The DOJ notes that the messages caused Merriam-Webster to shut down its main office in Springfield, Massachusetts and its office in New York City for about five business days last October.
The company reported the threats to the FBI, which was able to trace the messages to Hanson’s home computer, because thank Crom plenty of bigots don’t bother trying to hide their IP addresses. Your young racist and homophobic bigots on 4chan know how to do that, but let’s hope that’s not something about which the general asshole community gets educated.
According to federal sentencing guidelines, Hanson could face up to five years in prison and a fine up to $250,000, although we probably won’t know about the terms of his plea deal until his formal sentencing in January.
Also too, the OC Register reports that maybe the poor guy simply has a mental illness that makes him a racist asshole, which is not an actual thing that mental illness does:
According to the statement of facts, Hanson “suffers from obsessive-compulsive disorder, Aspergers, anxiety and depression and he struggles with impulse control.” During an FBI interview in 2015, Hanson expressed remorse and promised not to send any more threats, according to court filings, but apparently continued to do so in the subsequent years.
At one point, Hanson’s mother told agents that Hanson knows the threats he makes online are illegal but is “unable to control himself or his emotions.” His mother also told the agents that Hanson is “usually able to vent his anger” to her but that after she goes to bed he “makes comments online without the added benefit of his mother as a filter or sounding board.”
This is where we point out that having a mental illness doesn’t cause hatred — that’s there already, along with dehumanizing the people someone hates. Here’s a good explainer, although it’s about even more horrific hate crimes like actually carrying out a violent attack.
[Hatred] (much less hatred of any particular group) is not a symptom of any mental disorder. Some disorders include symptoms that may be associated with diminished impulse control which could plausibly be related to reactive violent outbursts (e.g., “snapping” when someone makes a disparaging comment), but this does not plausibly relate to highly planned actions such as hate crimes.

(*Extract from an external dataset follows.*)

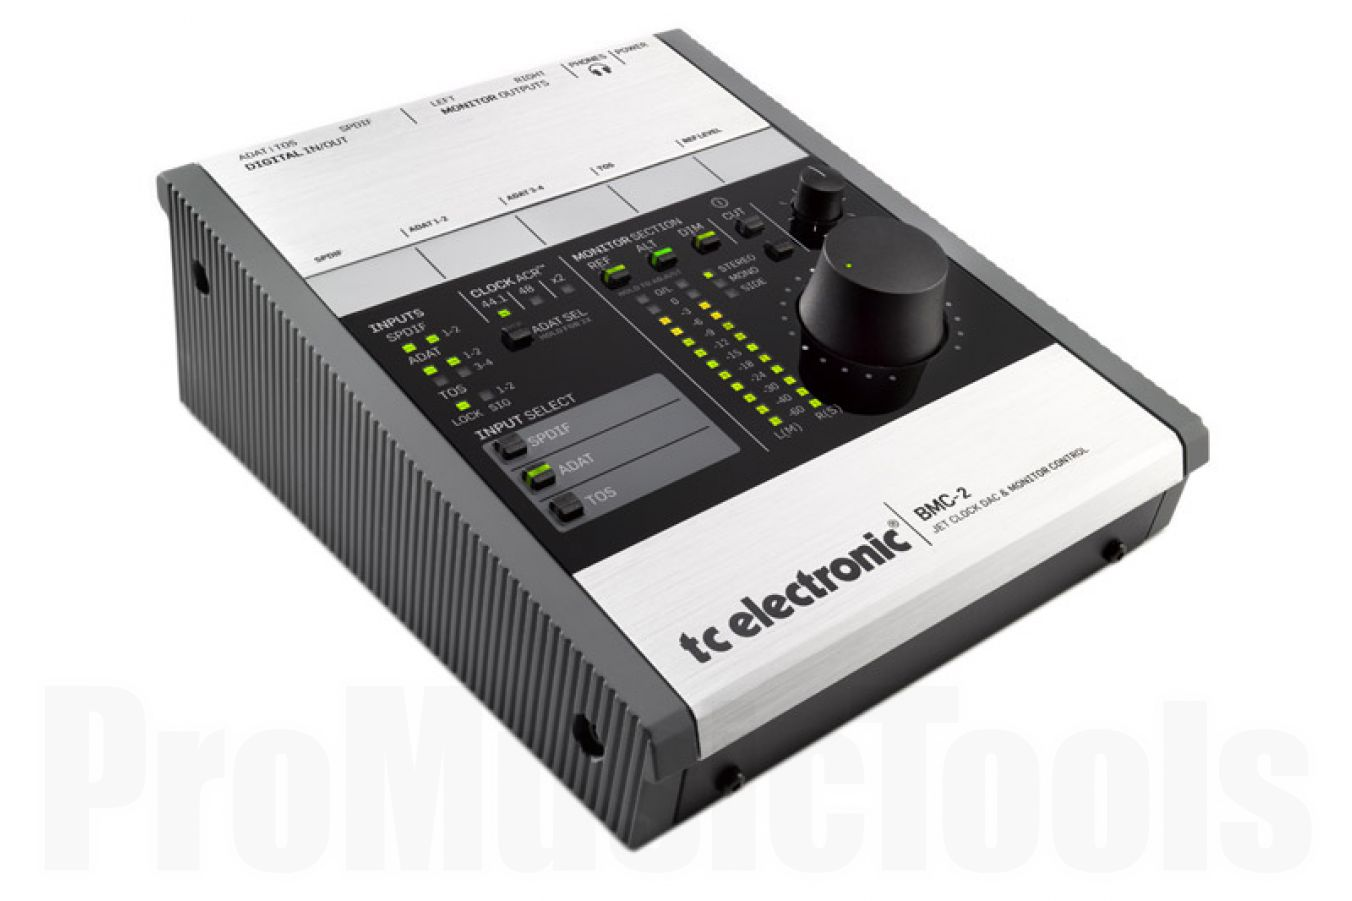 TC Electronic BMC-2 - b-stock (1x opened box)

Along those lines, it’s certainly possible that poor impulse control could explain an outburst in public, but — and here, I’ll emphasize that I am only a Doktor of Rhetoric and not a real doctor — it seems pretty unlikely that “poor impulse control” can explain sending multiple death threats all over the country over an extended period of time. No, not even if Neal Stephenson’s novel Snow Crash imagined a future where violent criminals are required to have “POOR IMPULSE CONTROL” tattooed on their foreheads.
In conclusion, keep remembering to use your non-fighting words, and thank goodness we have Teen Vogue and the dictionary to help us make sense of all this madness.